The mayor and the commissioner were briefly heckled by a man who called for more police to be put on the streets
Prime Minister Theresa May says she supports the "shoot to kill" policy used by London police in responding to terror attacks.
May says police saved "countless lives" by killing the three London bridge attackers within eight minutes on Saturday night.
May says police counter-terrorism resources are well-funded despite cuts to police staffing levels. She has been criticized for staff cuts during her tenure as Home Secretary.
Prime Minister Theresa May says Britain must do "more, much more" to fight Islamic extremism. She called it "an evil ideology" that perverts Islam and perverts the truth.
May said Monday Britain will review its counter-terrorism strategy and consider extending prison terms. She said more must be done to combat "bigotry and hatred."
Prime Minister Theresa May says police have identified all the London Bridge attackers and that 11 people remain in custody for possible connections to the attack.
One person has been released without charge. Police raids are continuing.
May said Monday the police and counter-terrorism operations are adequately funded and staffed and that the official threat level is to remain at "severe," meaning an attack in highly likely.
Commuters and cyclists were back on the streets of south London Monday morning, elbowing past journalists and camera crews on Southwark Bridge Road's narrow sidewalks.
A commuter, Martin Howells, said things were calm but not unusually so. Standing near a lamp post smashed in the attack, he said: "It was really not different, it was surprisingly normal."
Farhad Ahmad and Hazik Rahman, two members of the Ahmadiyya Muslim community, said they had been out since dawn answering questions from locals and reporters about Islam.
Ahmad, a 25-year-old imam, said he came at 6 o'clock. He said: "We've spoken to seven to eight people. We feel that a lot of people do have questions in their minds."
His companion, Rahman, wore a blue hoodie with the words "Muslims for Humanity."
Spain's Interior minister says that a 39 year-old Spaniard is missing after confronting one of the assailants in Saturday's deadly attack in central London.
Interior Minister Juan Ignacio Zoido says Ignacio Echeverria, a London-based banker, who was last seen in the vicinity of Borough Market.
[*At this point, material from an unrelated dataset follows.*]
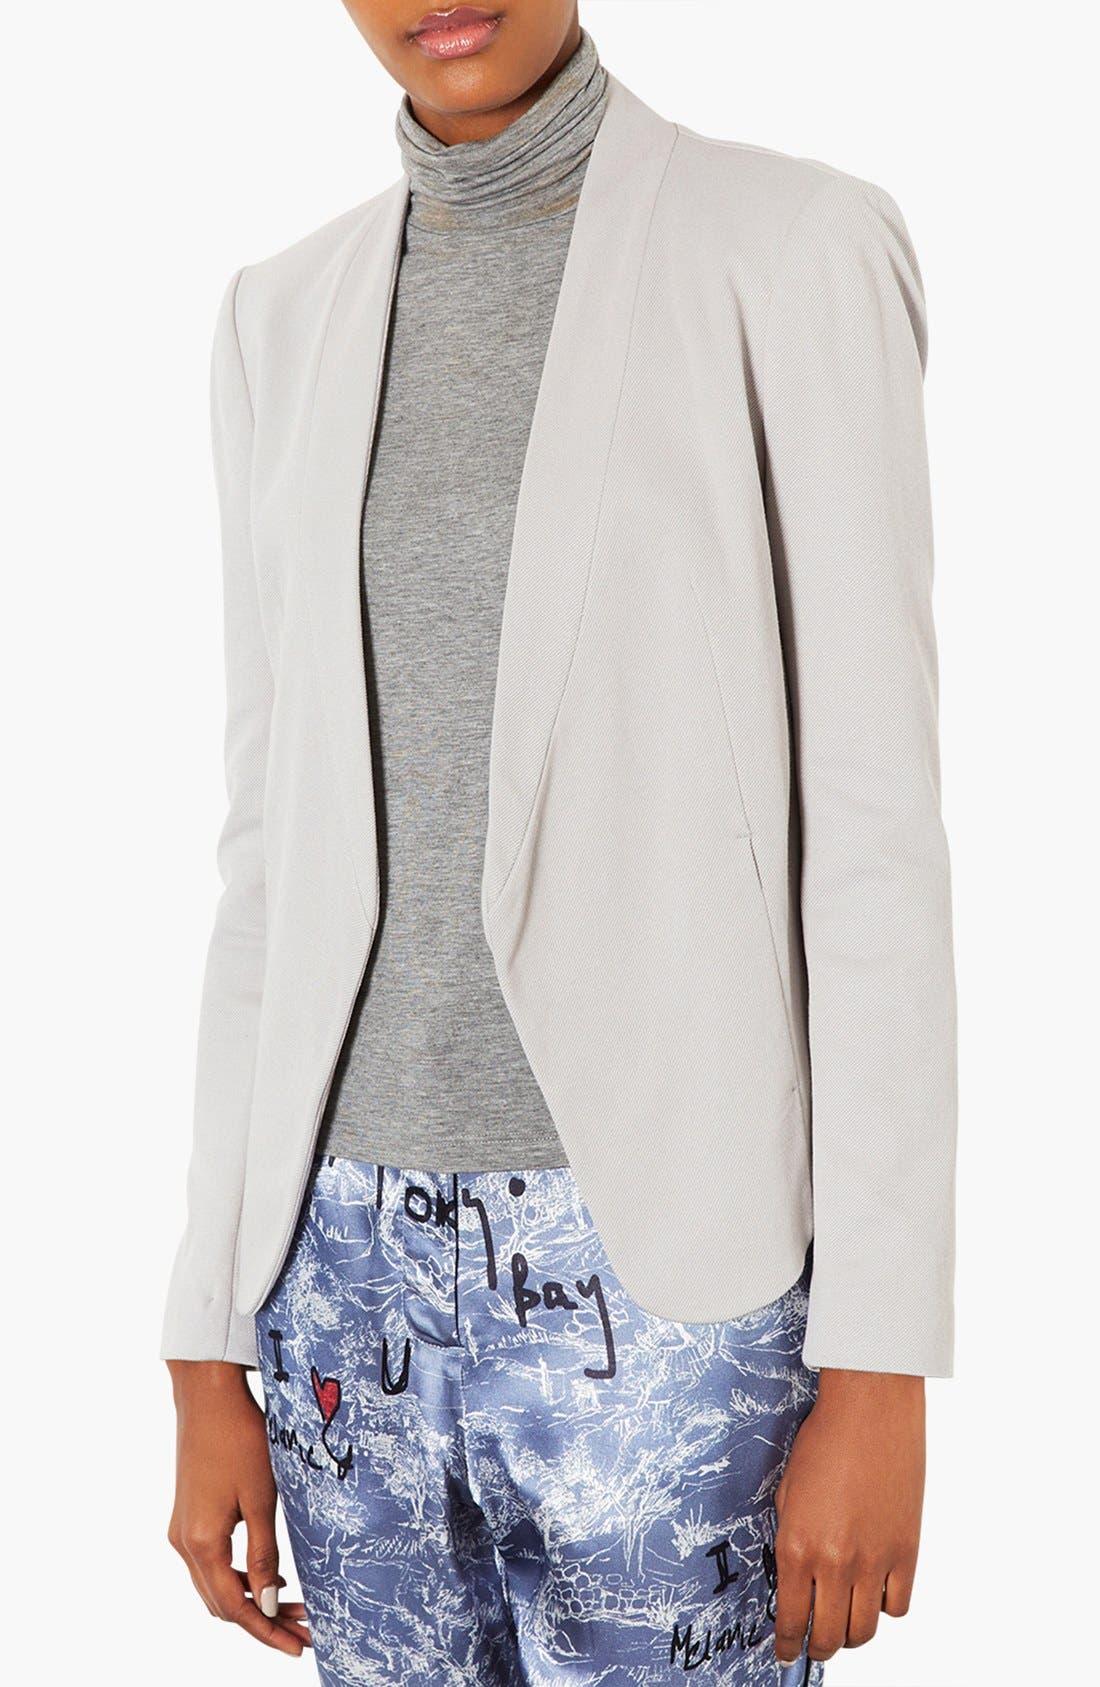 Alternate Image 1 Selected - Topshop 'Darcy' Textured Blazer
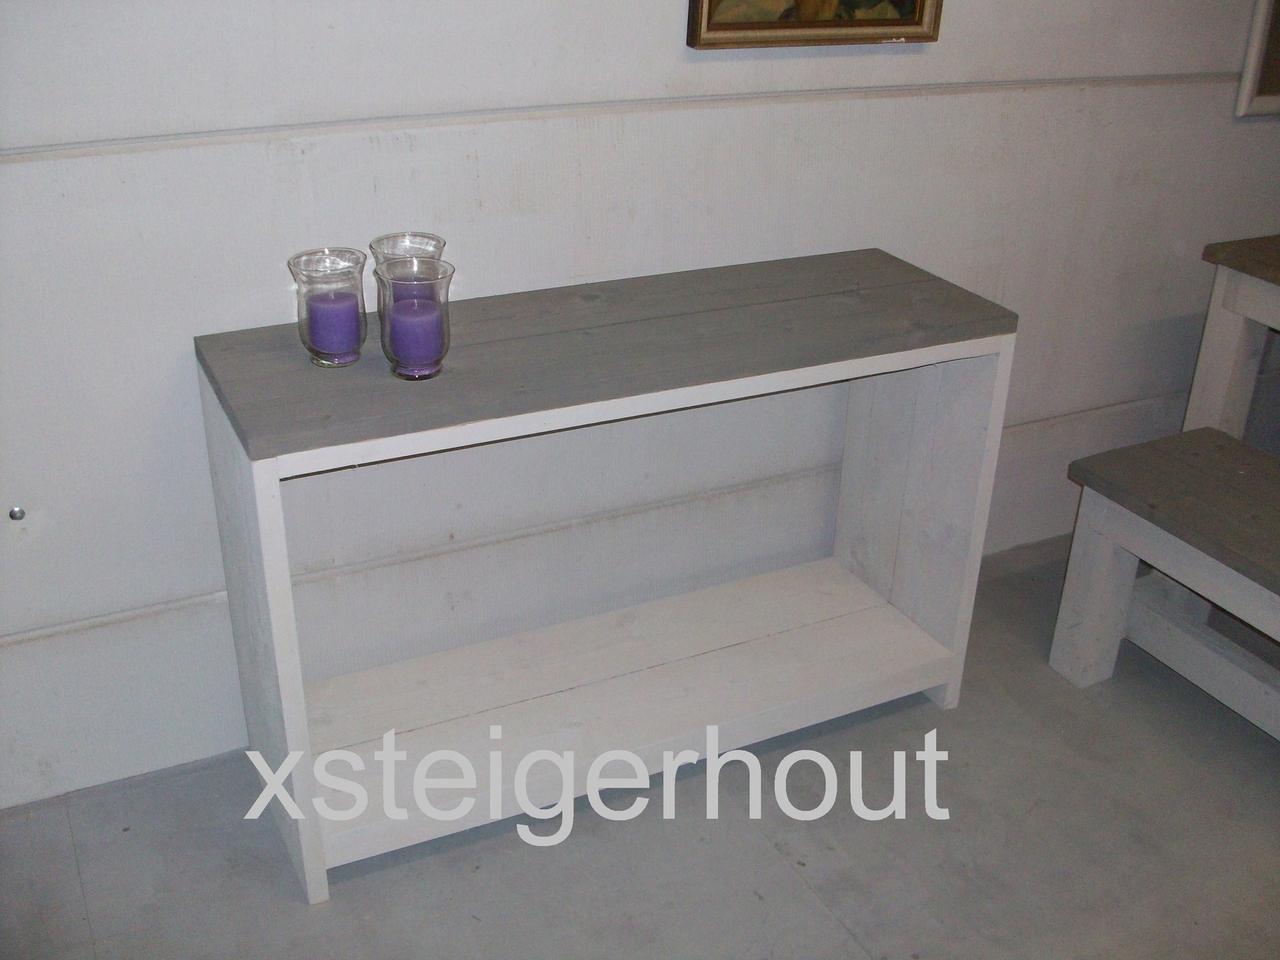 Smalle Sidetable 20 Cm Diep.Smalle Sidetable Op Maat Bouwpakket Steigerhout

Zoido says friends and relatives say Echeverria had confronted a man who stabbed a woman.
Interviewed by Cadena Ser radio on Monday, Zoido asked relatives of the Spaniard to keep calm because many of the wounded during Saturday's attack are still being identified.
The Foreign Ministry said Sunday that another man from Spain was being treated in a London hospital for non-critical wounds.
London police have raided raid two addresses and detained "a number" of people suspected of some connection to the Saturday night car attack and knife rampage on London Bridge. Seven people were killed by the three attackers, and 21 remain in critical condition.
Following Monday's dawn raids, lone local resident tweeted: "It woke me up along with the whole street. Extremely loud bangs followed by gunshot bangs. All ok - very shaken residents nearby though."